[Opening Input data section]

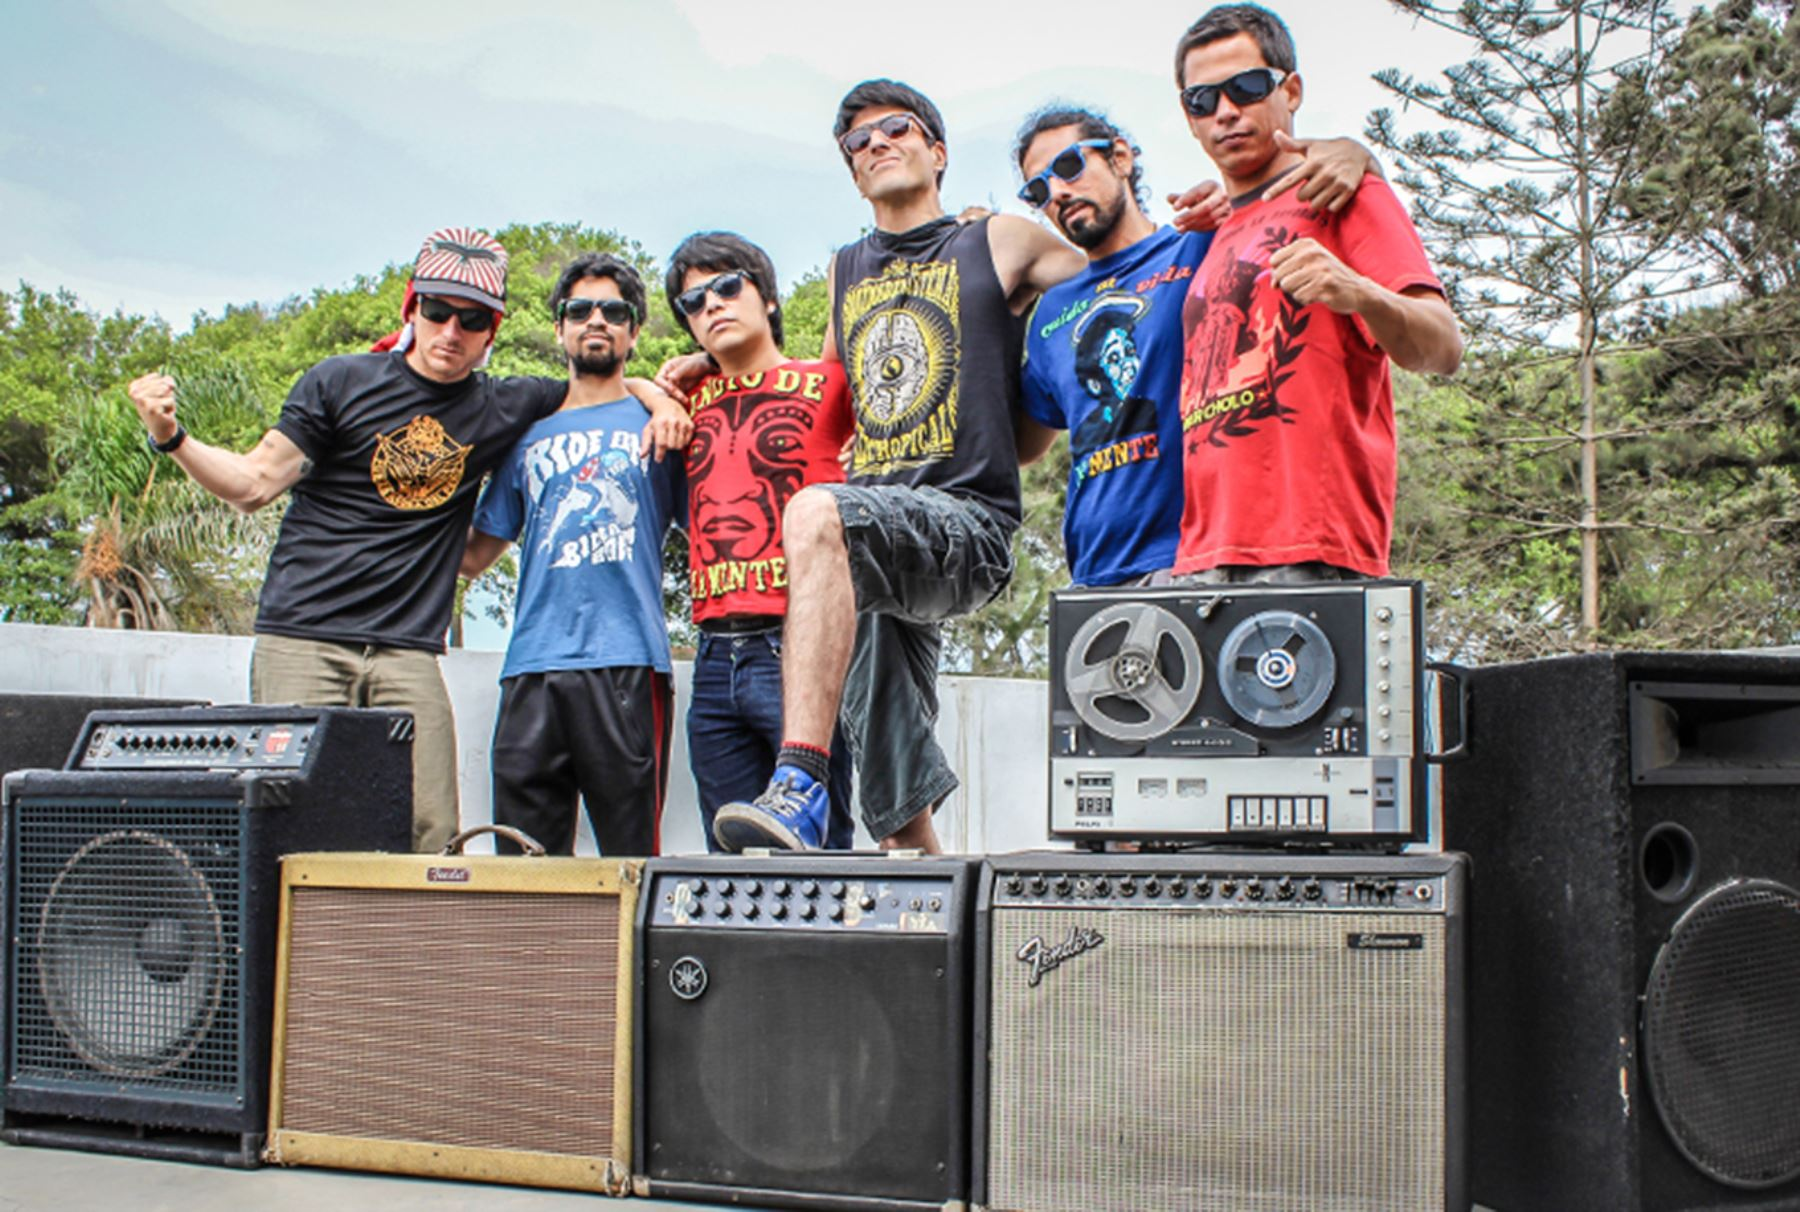 Cortesía El grupo La Mente tocará en Buenos Aires, en un festival organizado por la gobernación de esa ciudad argentina
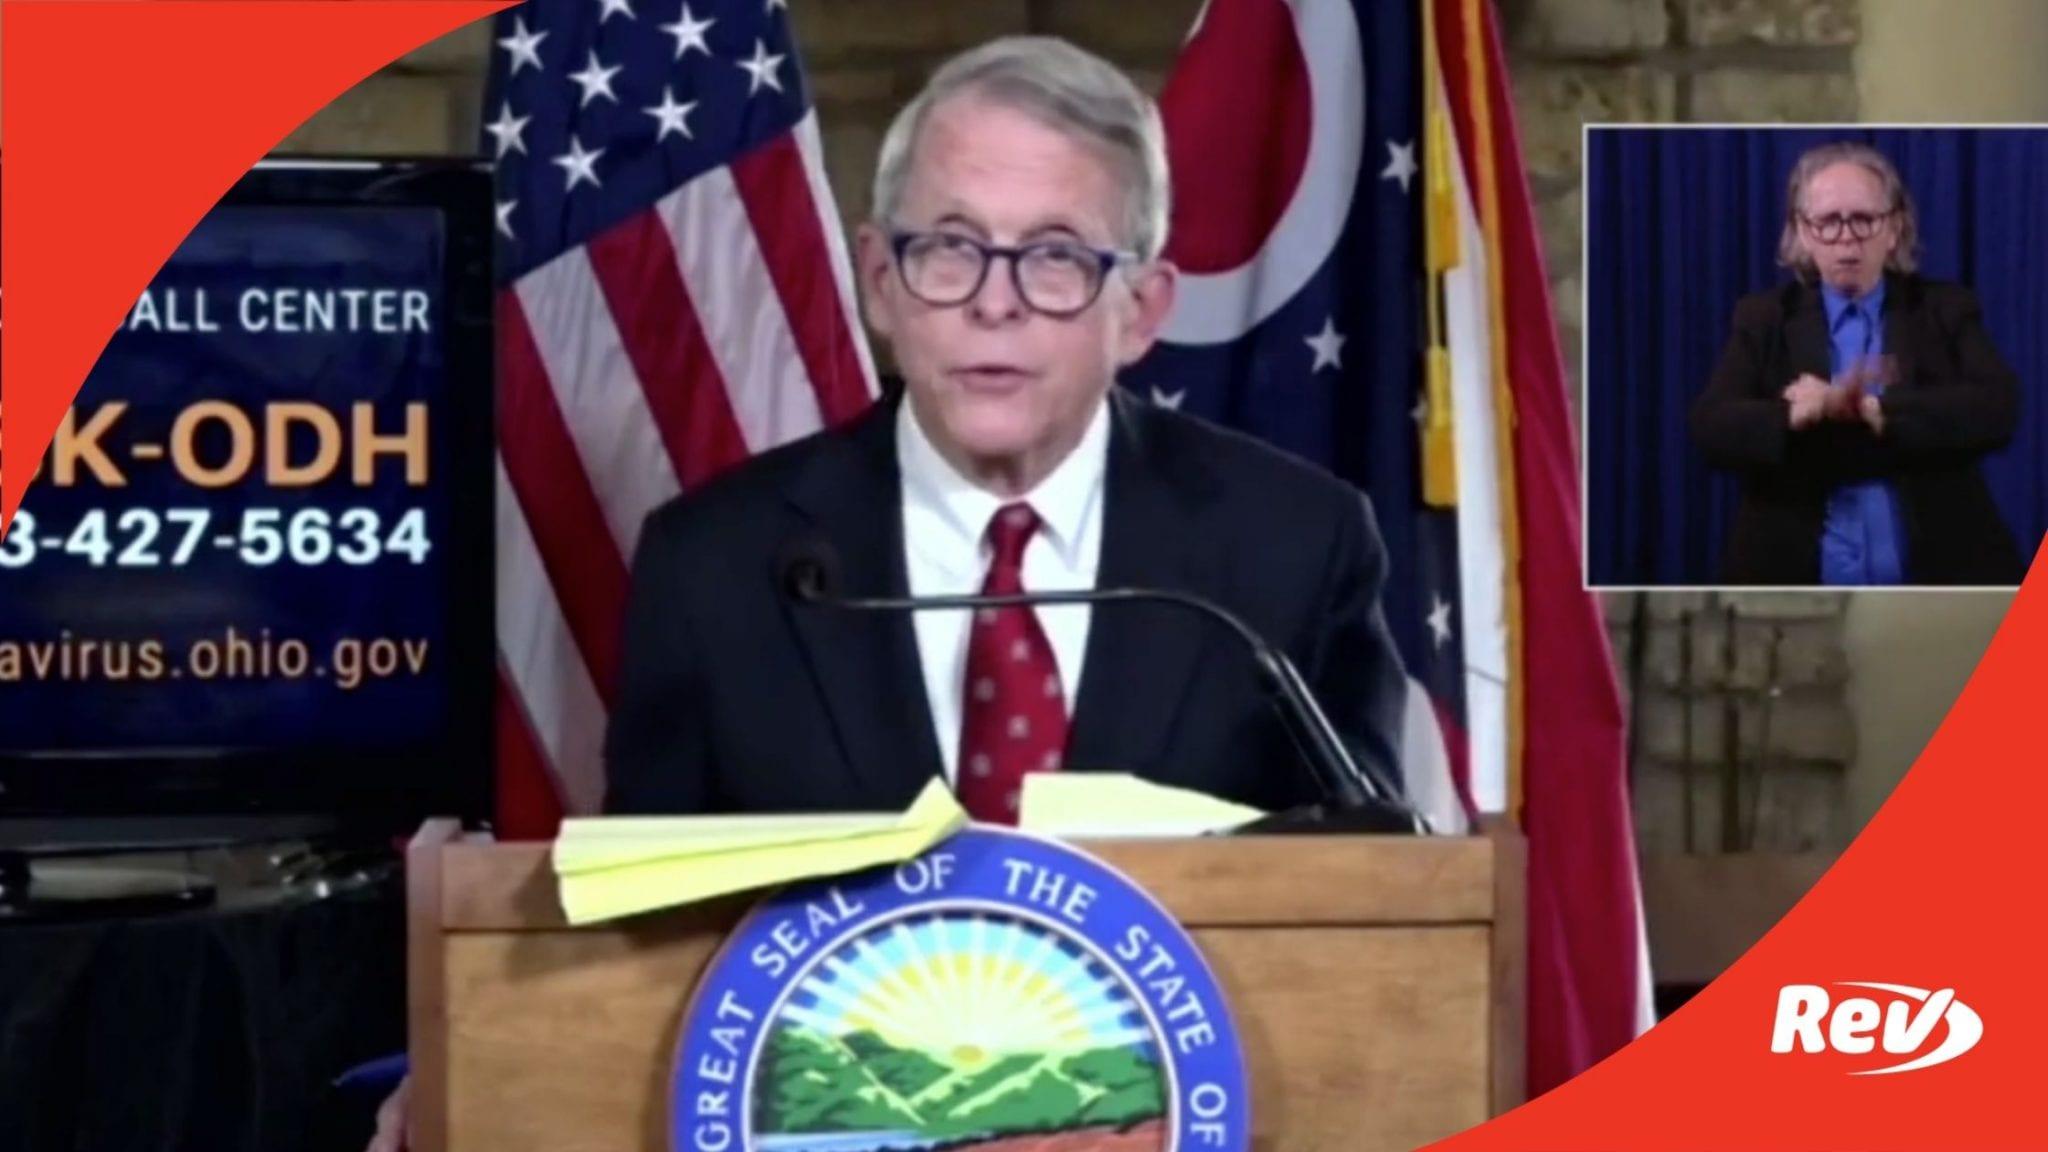 Ohio Gov. Mike DeWine COVID-19 Press Conference Transcript November 17
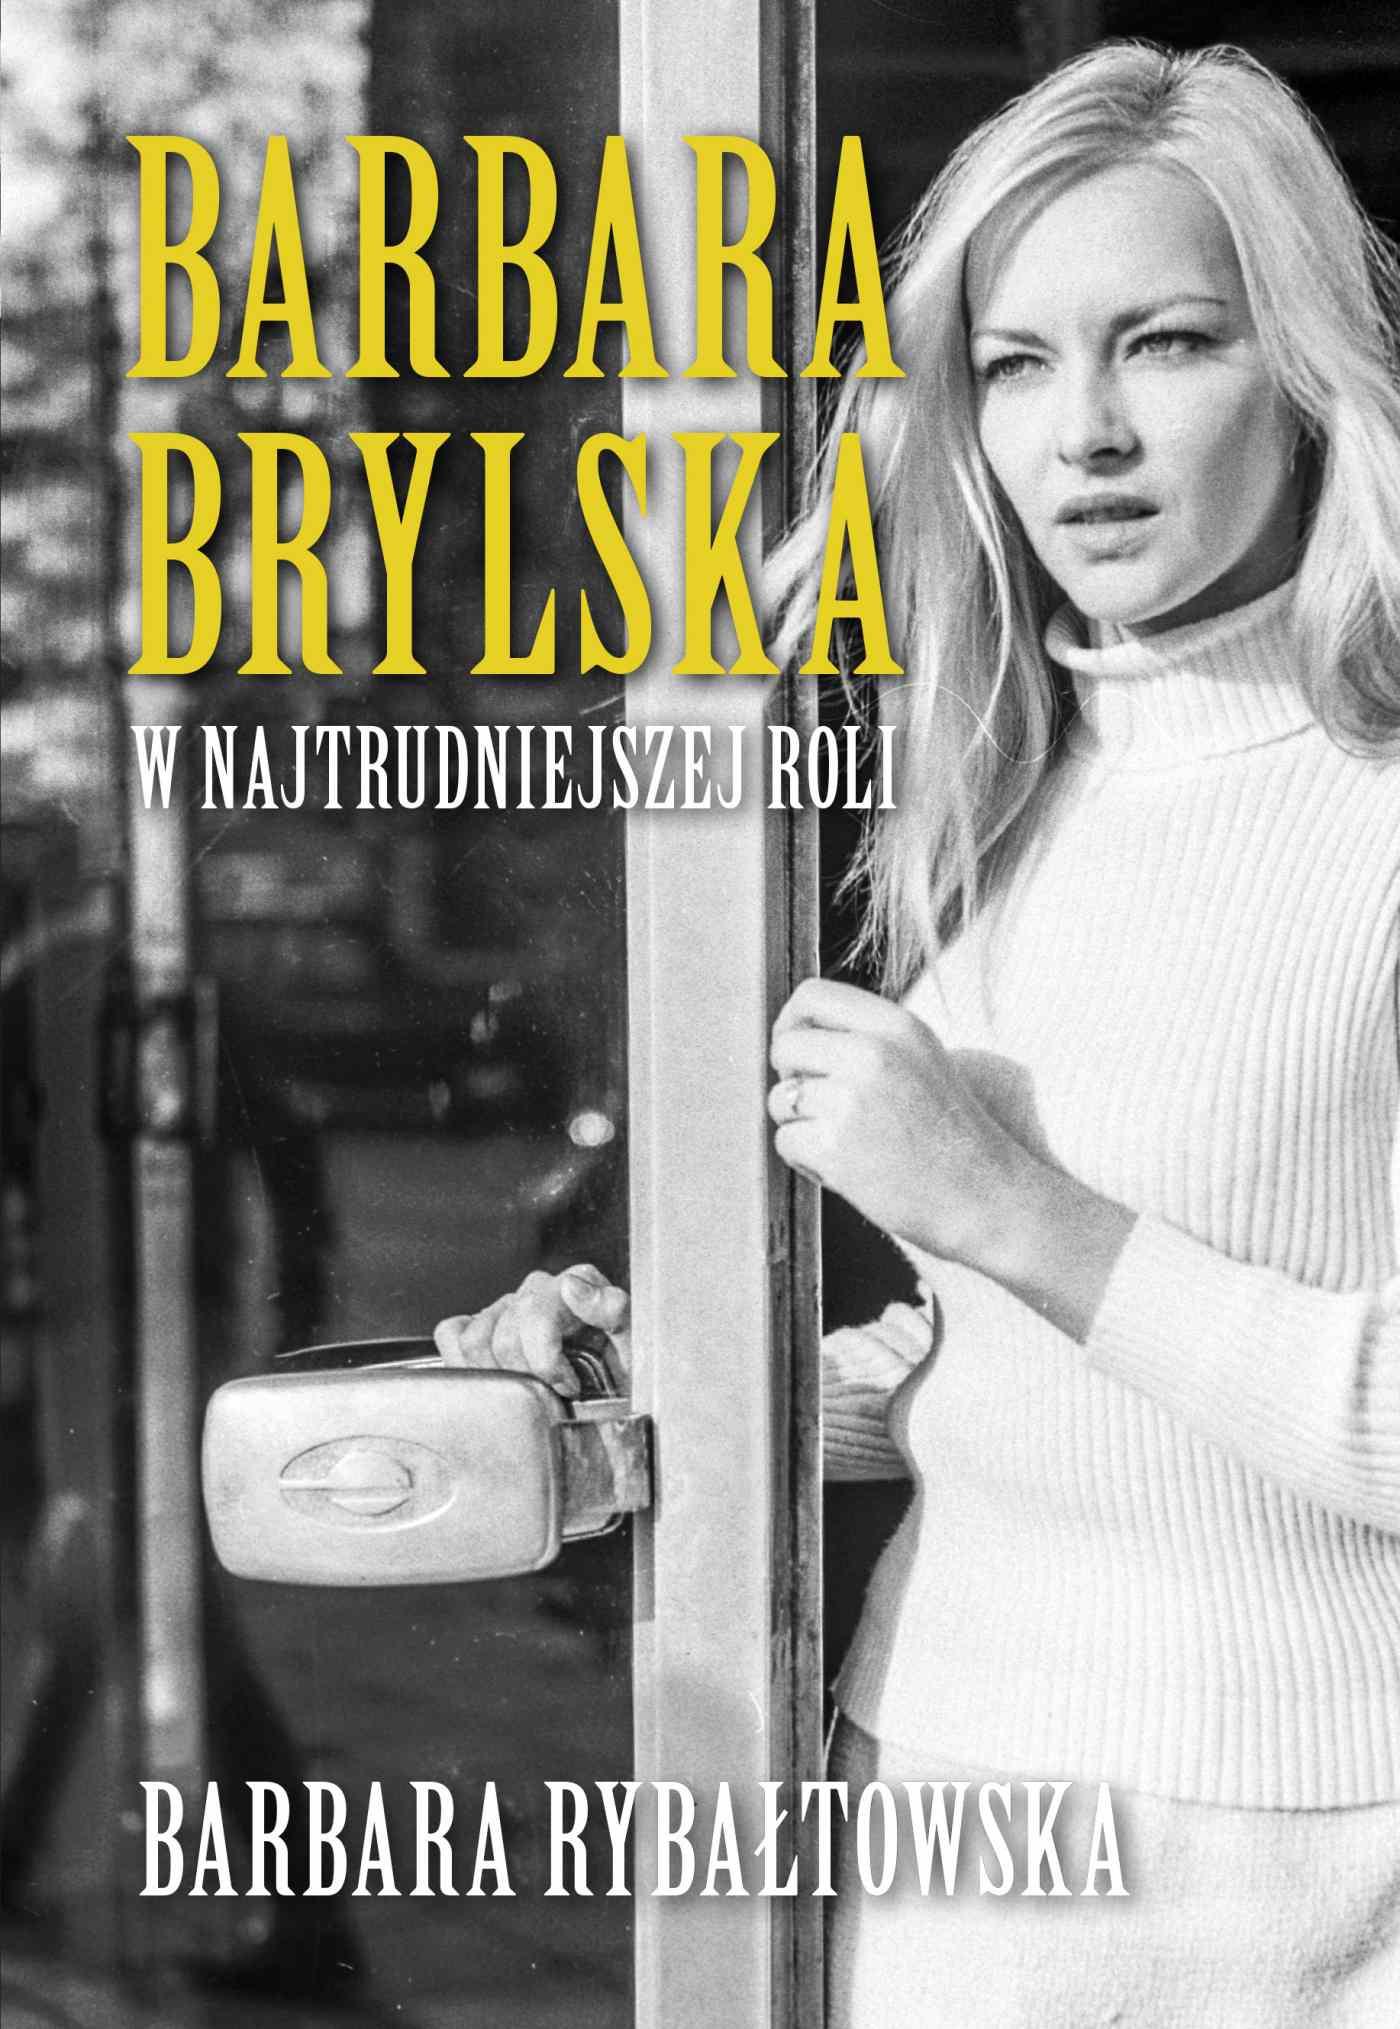 Barbara Brylska. W najtrudniejszej roli - Ebook (Książka EPUB) do pobrania w formacie EPUB

[Closing Input data section]

— Requirement —
With pictures omitted, copy exactly the lines from the one containing "Ohio Gov. Mike" through the final line of the listing, both included.

— Result for this task —
 Ohio Gov. Mike DeWine COVID-19 Press Conference Transcript November 17
 Barbara Brylska. W najtrudniejszej roli - Ebook (Książka EPUB) do pobrania w formacie EPUB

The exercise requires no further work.